On Thu, Oct 11, 2012 at 10:23 AM, Phil Endecott
<spam_from_boost_dev_at_[hidden]> wrote:
> Dear Experts,
>
> I find myself in need of an augmented tree. My problem is something like
> [but not exactly] this:
>
> - Say I have a line of text, i.e. a sequence of characters, in a
> variable-width font; each character stores its width in pixels.
>
> - I need to efficiently insert and remove characters.
>
> - I need to efficiently find the range of characters that spans a given
> range of pixels.
>
> It seems to me that an augmented tree lets me do all of those operations in
> log(N) time - and no other data structure offers the same performance.
>
> I'm aware of two augmented trees that have been proposed here. Francisco
> Jose Tapia has proposed "Countertree", but this only stores the count of
> elements not the sum of a property of the elements (i.e. the widths in my
> example). Vadim Stadnik has proposed stl_ext_adv, which is a
> doubly-augmented B+ tree. Has anyone looked at Vadim's code since it was
> proposed last year? I have a couple of concerns about Vadim's proposal:
>
> 1. It uses B+ trees, and in the discussion it was suggested that these are
> inferior to red-black trees in some way.

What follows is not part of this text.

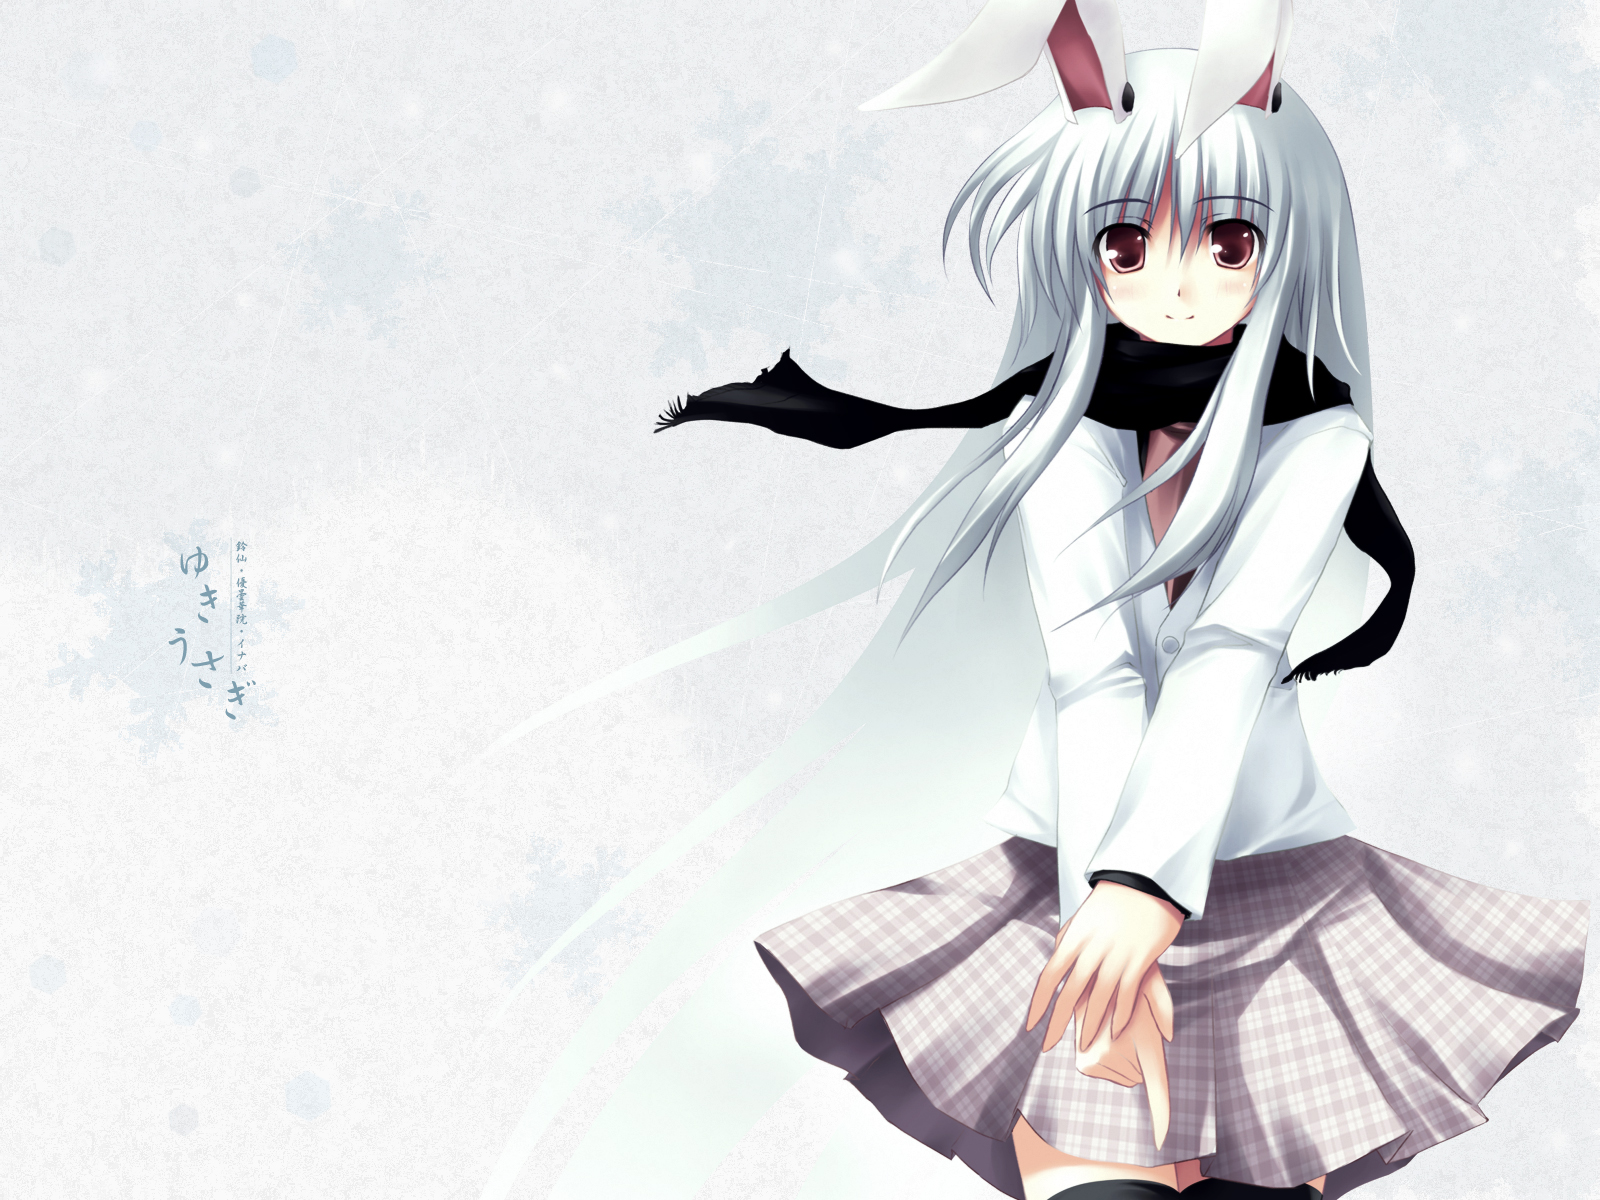 Anime - Flicka  Bakgrund

I've done some experimentation with in-memory B+ trees, and they have
different performance characteristics than red-black trees. They can
be 10 times or more faster for search operations than red-black trees,
particularly on architectures with very high speed hardware caches
that are large in relation to the size of the tree. They can also use
less space than an equivalent red-black tree. I'm not sure what would
happen to the performance in an app dominated by inserts and deletes
rather than searches, but a red-black tree is likely better for that
scenario.

The B-tree, read-black tree, UB-tree, and many of their variants were
all invented by Rudolf Bayer. Each is superior for some usage
scenarios and applications, and inferior for others.